The error term can be decomposed into two parts:
\[ {\bm u}= (\bm \iota_T \otimes {\bm I_N})\bm \mu+ {\bm \nu}, \]
where \(\bm \iota_T\) is a \(T \times 1\) vector of ones, \({\bm I_N}\) an \(N \times N\) identity matrix, \(\bm \mu\) is a vector of time-invariant individual specific effects (not spatially autocorrelated).
We could obviously extent the specification to allow for error correlation by specifying
\[ {\bm \nu}= \lambda(\bm I_T \otimes {\bm W_N})\bm \nu + {\bm \varepsilon}. \]
The individual effects can be treated as fixed or random.
Fixed Effects
In the FE model, the individual specific effects are treated as fixed.
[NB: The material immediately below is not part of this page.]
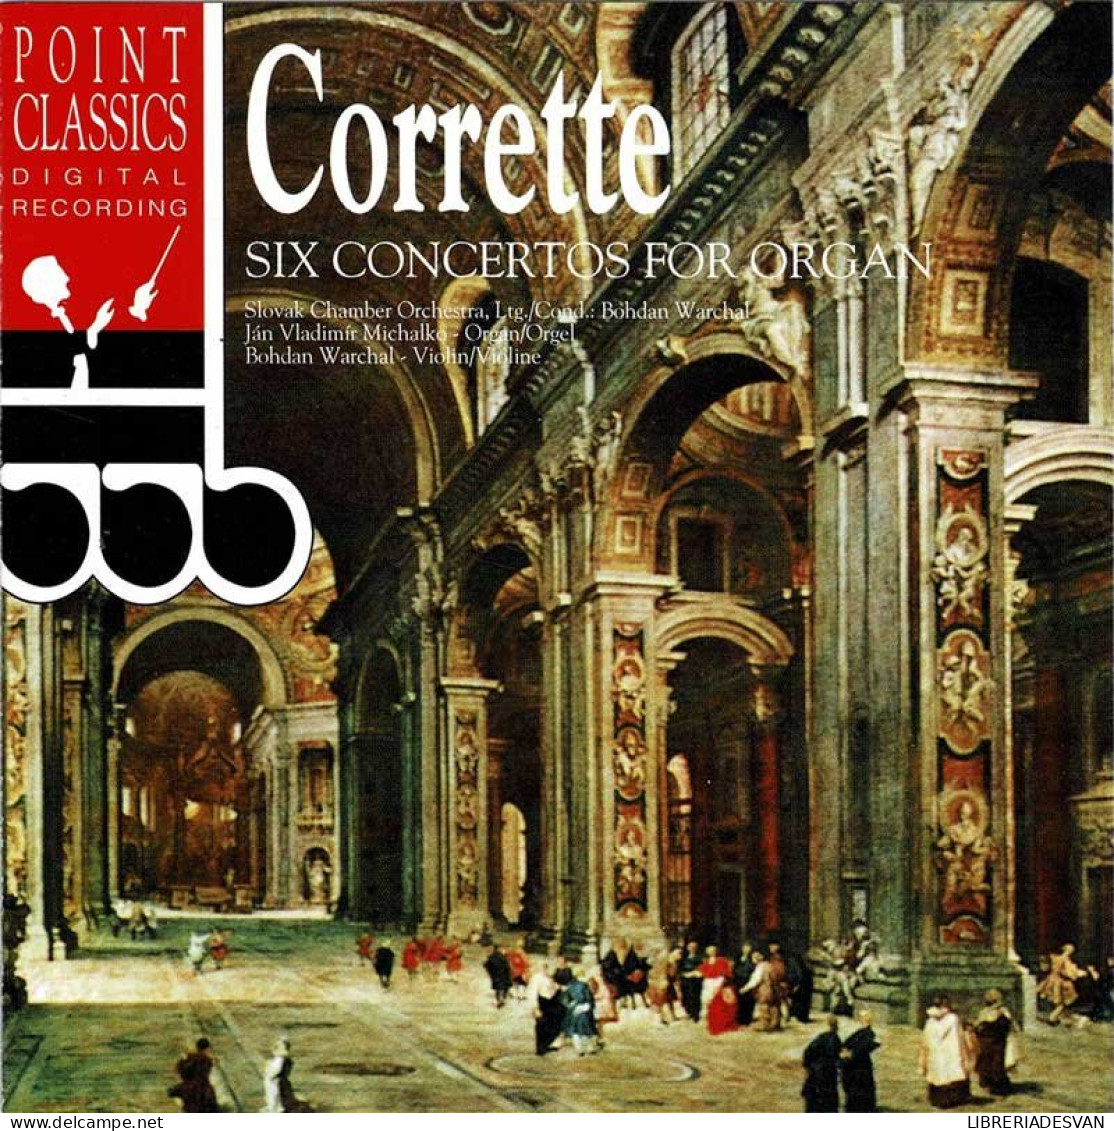 Michel Corrette - Six Concertos For Organ. CD - Classica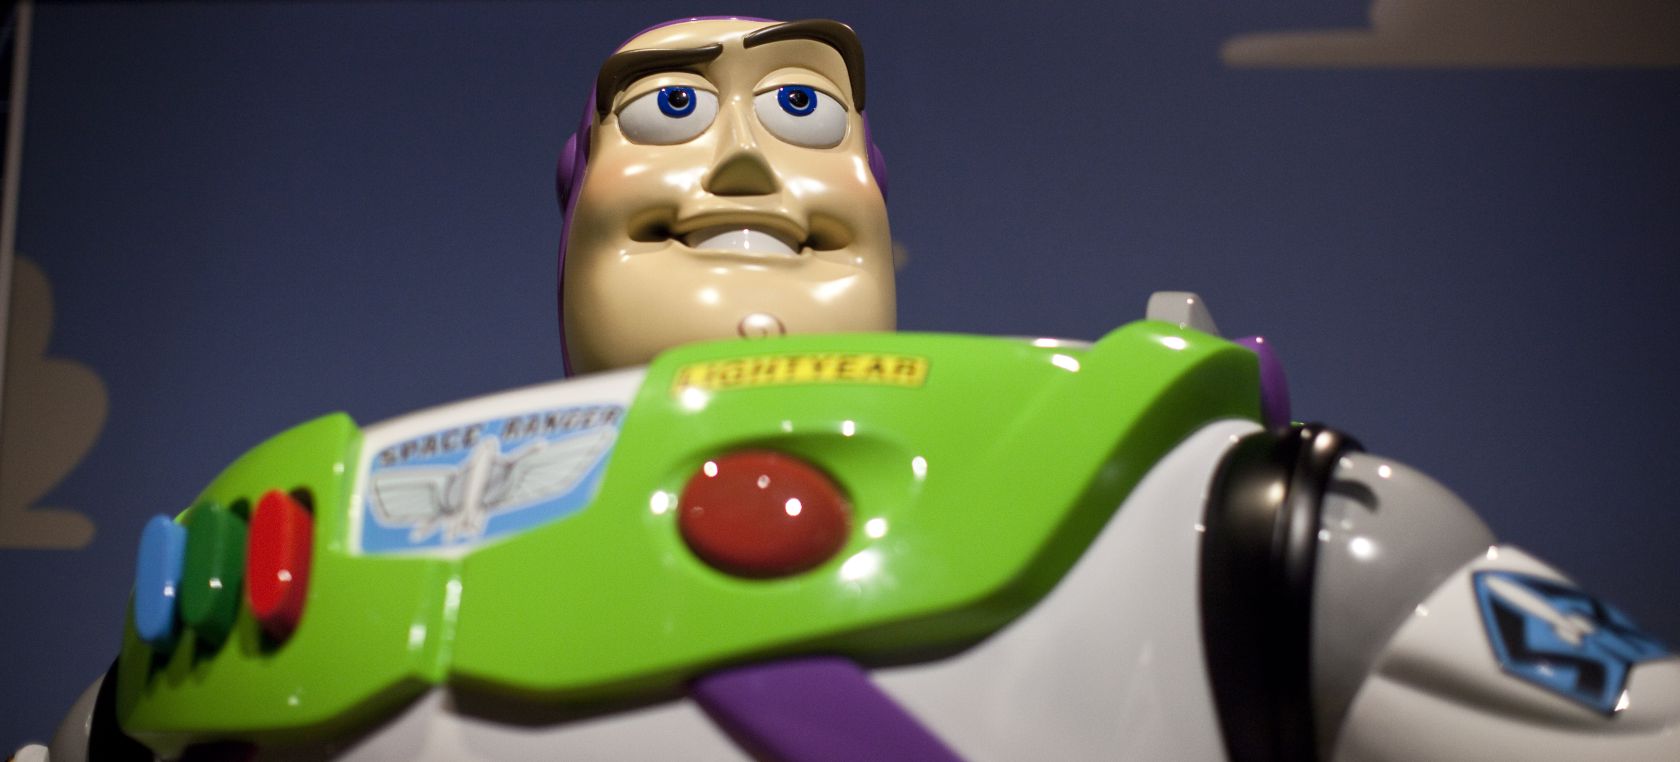 Lightyear: Primer de 'Lightyear', la película sobre Buzz Lightyear de Pixar Disney | Cine y Televisión | LOS40

If we re-write the equation above, we derive at the well-know fixed effects formula with an additional spatial autoregressive term:
\[ {y_{it}}= \rho\sum_{j=1}^Nw_{ij}y_{jt} + \bm x_{it}\bm\beta + \mu_i + \nu_{it}, \] where \(\mu_i\) denote the individual-specific fixed effects.
As with the standard spatial lag model, we cannot rely on the OLS estimator because of the simultaneity problem. The coefficients are thus estimated by maximum likelihood (Elhorst 2014).
Random Effects
In the RE model, the individual specific effects are treated as components of the error \(\mu \sim \mathrm{IID}(o, \sigma_\mu^2)\). The model can then be written as
\[ \begin{split} {\bm y}= \rho(\bm I_T\otimes {\bm W_N}){\bm y}+{\bm X}{\bm \beta}+ {\bm u}, \\ {\bm u}= (\bm \iota_T \otimes {\bm I_N})\bm \mu+ [\bm I_T \otimes (\bm I_N - \lambda{\bm W_N})]^{-1} {\bm \varepsilon}. \end{split} \]
As with the conventional random effects model, we make the strong assumption that the unobserved individual effects are uncorrelated with the covariates \(\bm X\) in the model.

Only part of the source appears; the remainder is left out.